Philip Gourevitch writes

“The main argument for releasing a photograph of the punctured scalp of our enemy is that it will provide proof that bin Laden really is dead. In other words, seeing is believing. But does anyone really believe that any more? Believing is believing. People who want, or need, to believe that bin Laden wasn’t shot dead will have no difficulty believing that a picture of his cadaver is a fake, a simple propaganda trick. The release of Obama’s long-form birth certificate didn’t put an end to birtherism, so why would the release of bin Laden’s autopsy video put an end to deatherism?”

This all sounds convincing, but it misses the point. The reason why the birthers have managed to keep up what amounts to little more than a borderline nuts and easily refutable conspiracy theory is not grounded in the claim itself. It’s grounded in the fact that - let’s face it - the majority of the GOP (including most of their most prominent members, plus Fox “News”) have made zero effort to distance itself from it.

Of course, releasing a photograph of the corpse of Bin Laden will not convince those who want to believe he is still alive (or whatever else). But releasing the photograph cannot and must not and in fact will not be aimed at the lunatic fringe. There will always be those who claim it’s doctored, just like there are those that claim the CIA shot President Kennedy, that the moon landings were fake etc. Whatever.

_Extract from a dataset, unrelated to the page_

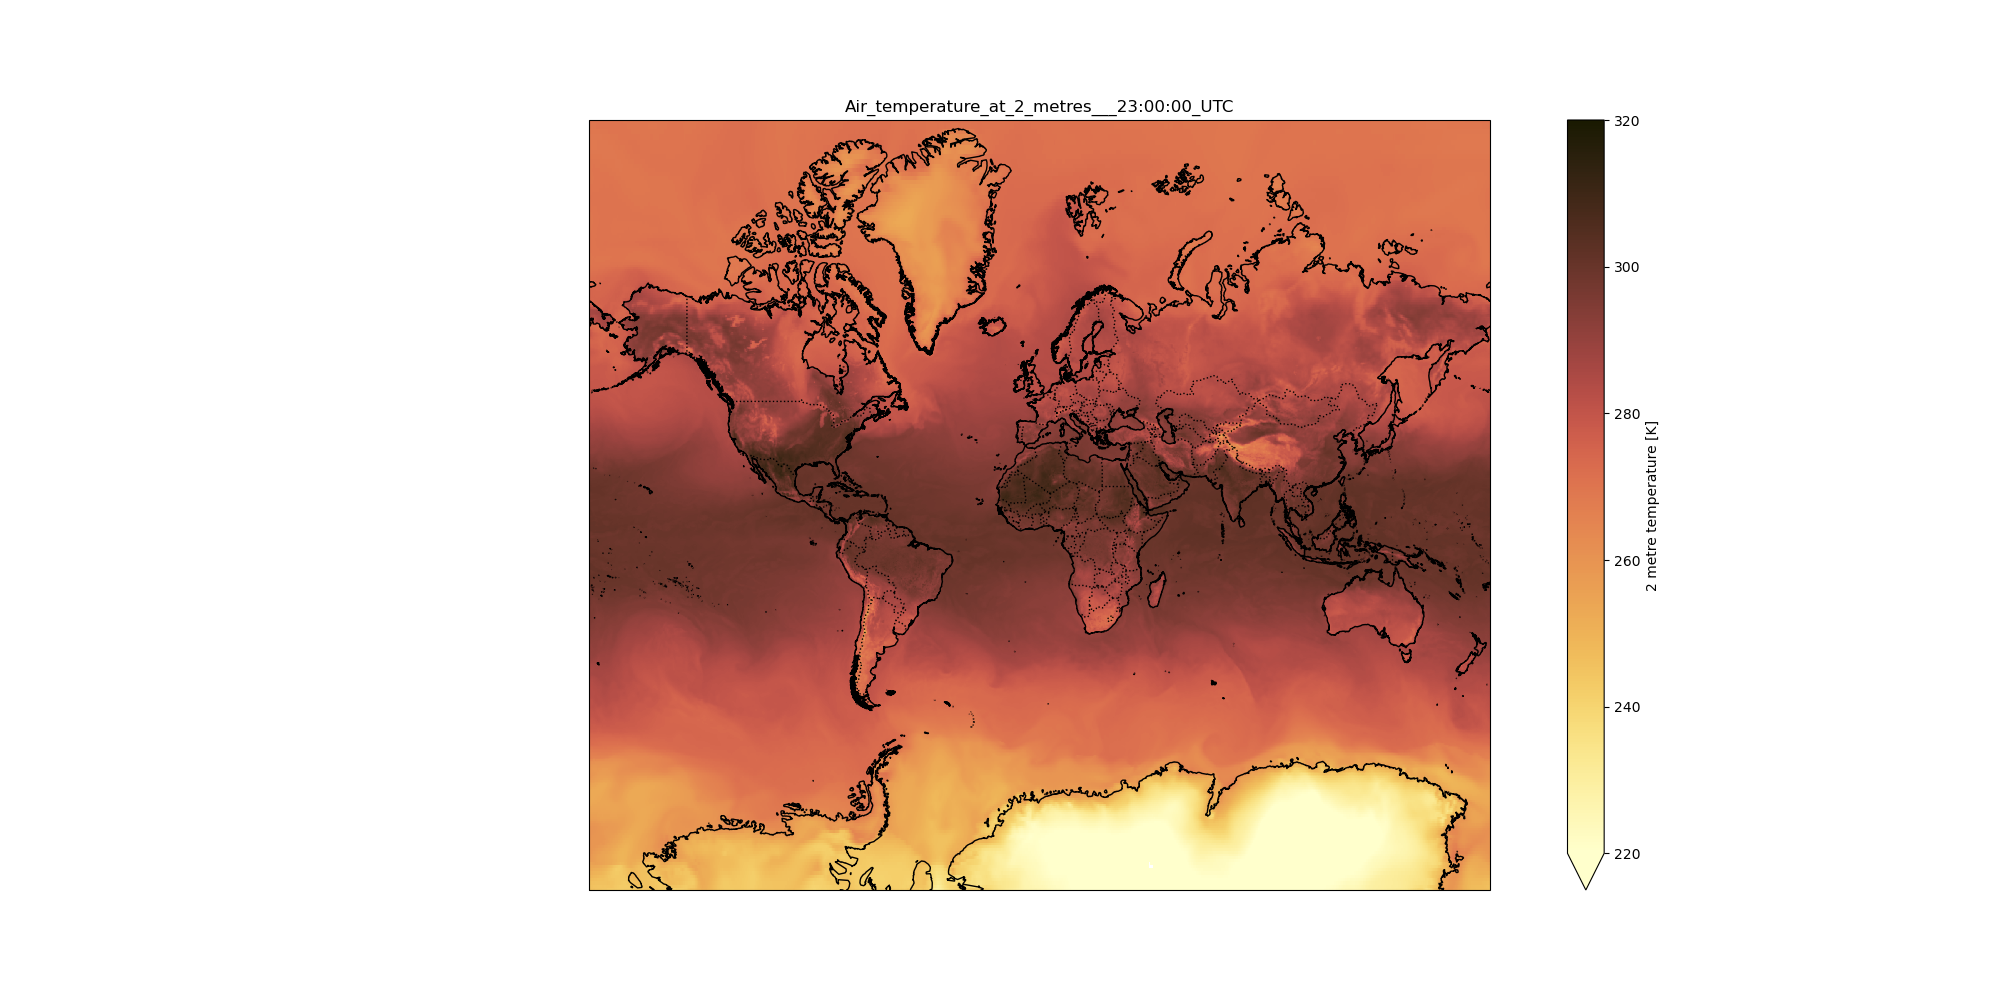 ECMWF Reanalysis Air temperature a 2 metres on 2022-05-31 at 23:00:00 UTC.

Instead, releasing the photo will be aimed at us. All of us. We have created this culture where every photo finds its way onto the internet, where there is a photo for everything. So we might as well face the music, whether we like it or not.

It’s not like we never get to see photos of mangled, destroyed corpses or of people with terrible injuries. Quite the contrary. Just go to The Big Picture and start looking. The photos are typically “hidden” under a black frame with text that says “Warning: This image contains graphic or objectionable content. click here to view it” (here’s a rather tame example). We see that stuff all the time.

I’m not saying that’s a good thing. I don’t think it is. But it seems rather silly to have a long debate about a photo of one corpse when photojournalists produce images of corpses all the time, just a mouse click away. And we can bemoan the fact that there are photos of everything now, but the toothpaste is out of the tube. That’s just the way it is. Denial is not a good way to deal with it.

Here’s the thing: believing might be believing, but seeing is not understanding. That’s the crux: Seeing is not understanding. Why are we talking about seeing as if it was?

What is more, refusing to see also is not the same as understanding. It might sound nobler, because we all know that we really want to look.

Why are we still treating photography as if all it took to understand something was to make a decision about whether to look at a photograph or not? Shouldn’t we instead be talking about how we produce understanding out of photographs?

This is why the Abu Ghraib photos still feel so weird: We saw them, and then we pretended there was no problem. Only a few bad apples. Nothing to see here, folks. We saw those images, and we refused to understand what they told us.

In the context of the Bin Laden photos shouldn’t we be talking about how we can move on, how we can get out of out paranoid post-9/11 mindset? The photo is not what is going to stand in the way of that. In fact, I’m even tempted to think that looking at the photograph will bring home that point even more forcefully.

So let’s see that photo already before it gets leaked. I don’t want to find it some day, lurking in some scummy corner of the web. It looks like it’s that final piece missing, the visual - and appropriately violent - bookend of an era. Let’s see the destroyed skull of the terrorist mastermind. Those who want to gloat will gloat. Those who refuse to gloat will refuse to do so. Those who will take the photo as a sign of some triumph will do so. The rest of us have a chance to, in Philip Gourevitch’s words, “put that era behind us.” Let’s face it, the photo is part of that era.